Bragdon. The court found it noteworthy that both parties cited Bragdon v. Abbott, in which the U.S. Supreme Court held that infection with the HIV virus alone, even in the absence of the development of AIDS, was a disability under the ADA. “Whether a diagnosis of HIV is an apt analogy for the genetic issues experienced by [the employee] is a fair point of debate,” but Bragdon, observed the court, “was decided at summary judgment, not the pleading stage, thereby allowing the courts to consider more developed medical and factual evidence regarding the condition at hand. That is wise counsel here too.”
Agreeing with the court below that a genetic mutation that merely predisposes an individual to other conditions, such as cancer, is not itself a disability under the ADA, the appeals court found that was consistent with Bragdon’s holding that HIV qualifies as a disability under the ADA because of its immediate effect on white blood cells and bodily functions, not because it will eventually develop into AIDS. To qualify as a disability, said the court, a condition must substantially limit a major life activity, not merely have the potential to cause conditions that do. “By the clear terms of the ADA, a plaintiff must allege more than a genetic mutation capable of interfering with normal cell growth to survive a motion to dismiss. [The employee] has done so.” Although her factual allegations were sufficient to survive the employer’s motion to dismiss, far more will be required at summary judgment, the court noted.
Remaining aspects of claim.
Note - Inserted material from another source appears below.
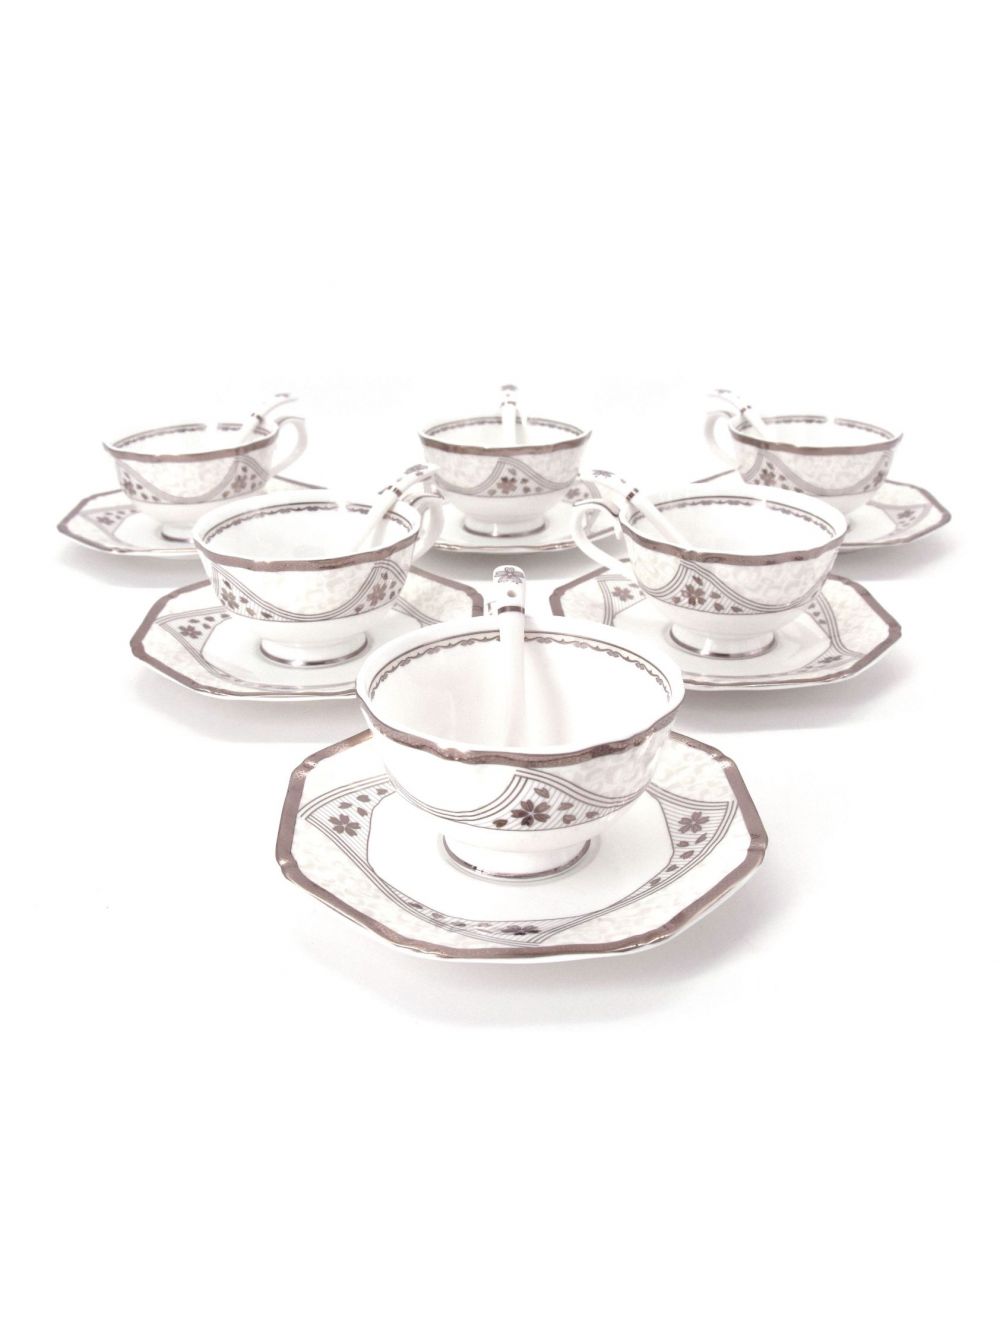 Tea Cup, Saucer and Spoon 18 Pieces Set

The court also found she sufficiently alleged she was qualified to perform her job’s essential functions with a reasonable accommodation and that her termination would not have occurred but for her disability. Further, she alleged that immediately upon notifying her supervisor of her condition and surgery, he suggested that she might be terminated as a result; after she rescheduled her surgery, she was “harassed” by her supervisors due to the length of her leave request and, immediately after returning to work, she was notified of her termination, which had been planned for the day before her surgery even though she was asked to get a medical release to return to work. These allegations, said the court, were enough to make a causal link between her disability and her termination at least plausible.